Financial Daily from THE HINDU group of publications
Tuesday, Mar 22, 2005
Money & Banking
Regional Rural Banks
Chitradurga Gramin Bank turns around
Bangalore , March 21
"THE bank's performance in the last three years only proves that rural banking is a viable option," says Mr N. Narasa Reddy, Chairman, Chitradurga Gramin Bank (CGB), a Canara Bank-sponsored RRB.
CGB, which was a loss-making bank in 2001, today has reserves of Rs 7 crore. Mr Reddy recalls the low motivation level of the staff three years ago and how they were burdened with the disrepute of being known as the bank with the lowest per employee and per branch business among the eight RRBs sponsored by Canara Bank.
The turnaround was possible when employees were trained to adopt `best practices that increased the operational efficiency of the bank', according to him. In addition to this, the bank also decided to bring out some innovative deposit and loan schemes.
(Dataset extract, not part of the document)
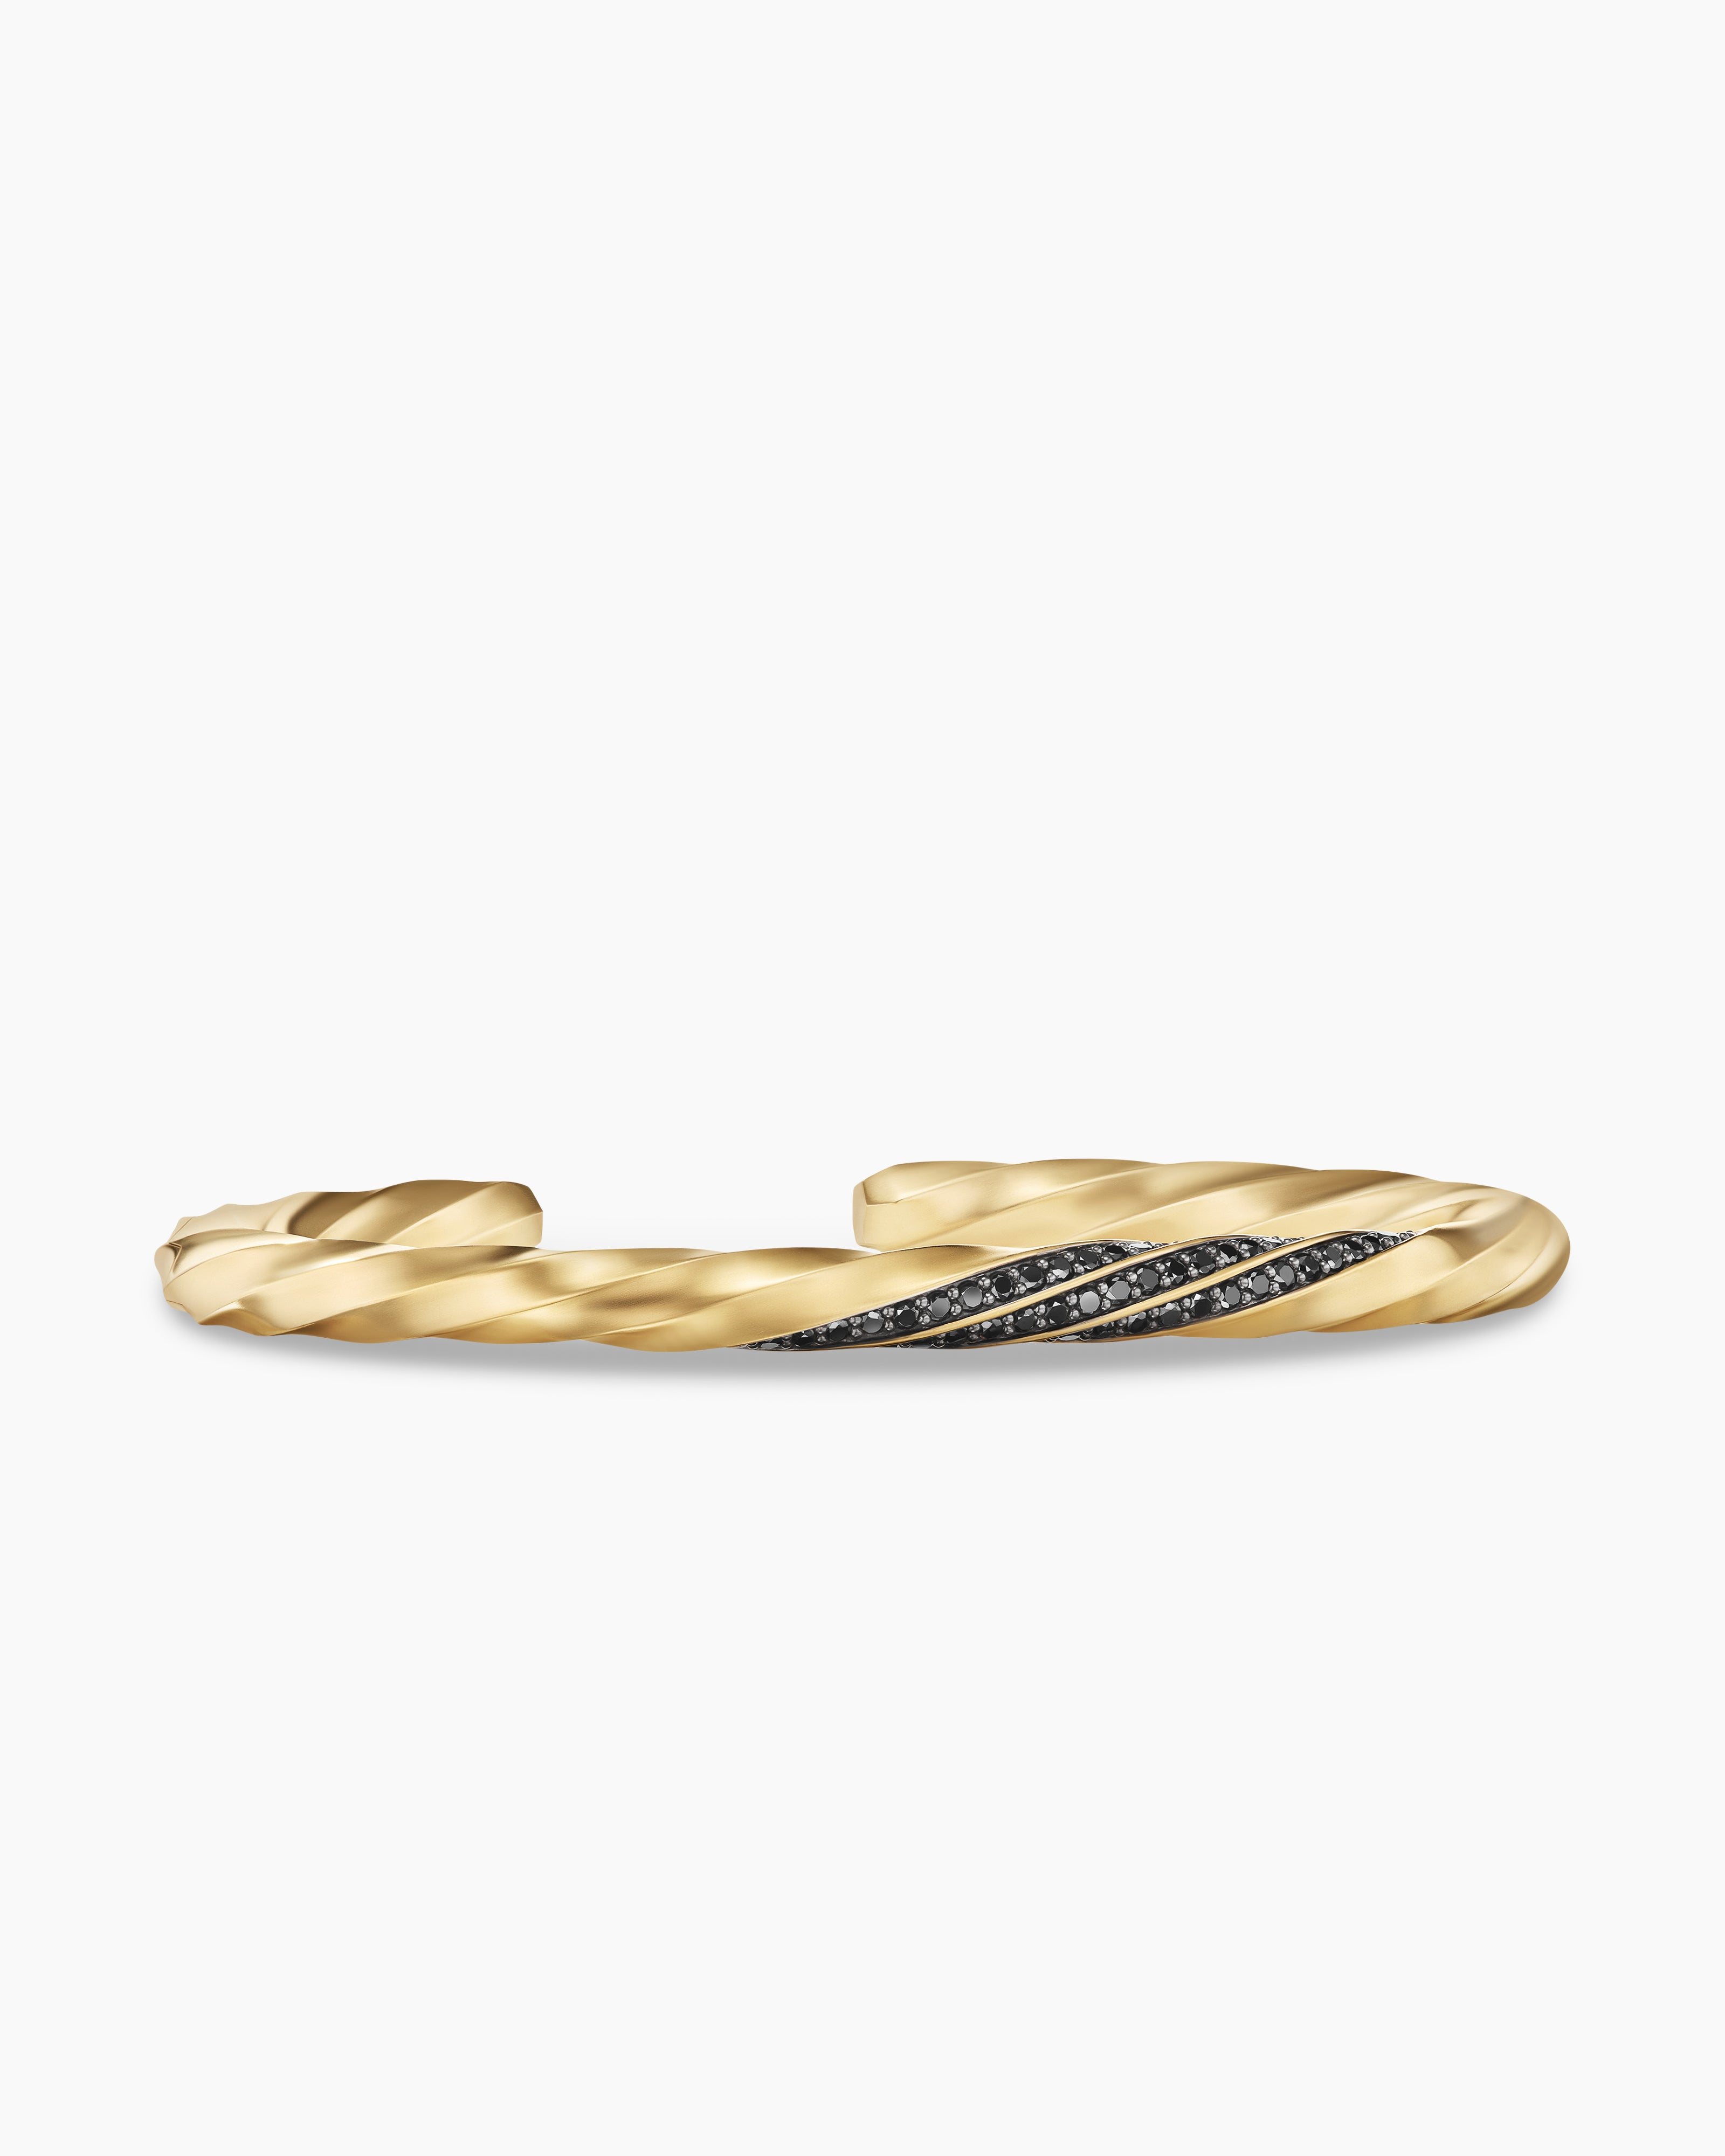 David Yurman Men's Cable Cuff Bracelet with 18K Yellow Gold - Black Onyx - Size Medium

But most important, maintains Mr Reddy, was the need for a good talent pool. One of the first initiatives the bank undertook was to strengthen the training programmes for the staff. A joint training programme for all the four Canara Bank-sponsored RRBs was put in place. Other processes that helped employees in improving their performance were updation of manuals, improvement and simplification of systems and procedures, and providing better ambience and amenities at bank branches.
"These were some of the internal changes, but we also introduced some innovative schemes for customers that improved deposits and loan disbursement and recovery,'' Mr Reddy said.
For instance, the Sanghakshema Vima Yojane is an insurance-linked savings product developed for self help groups (SHGs). In addition to life risk cover, it provides health insurance cover for the SHG member, spouse and two dependent children up to Rs 10,000.
"In fact, this scheme has become so popular that the Government of India has introduced a similar health insurance scheme for SHGs." Currently, 100 SHGs are being covered under this scheme.
The bank is also reaching out to SHGs through its horticulture development loan to farmers to help them in cultivation of mango, papaya, sapota and pomegranate. "Nearly 1,800 acres have been covered," Mr Reddy says.
About 25 SHGs have been covered under the pilot project of portfolio financing for micro-watershed development. The aim is to cover about 700 groups in the coming years.
According to Mr Reddy, rural banks should aim at preserving the rural character of the regions they are operating in. "That's why we are focusing on SHGs and Farmer Clubs which are like the two eyes for our bank," he says.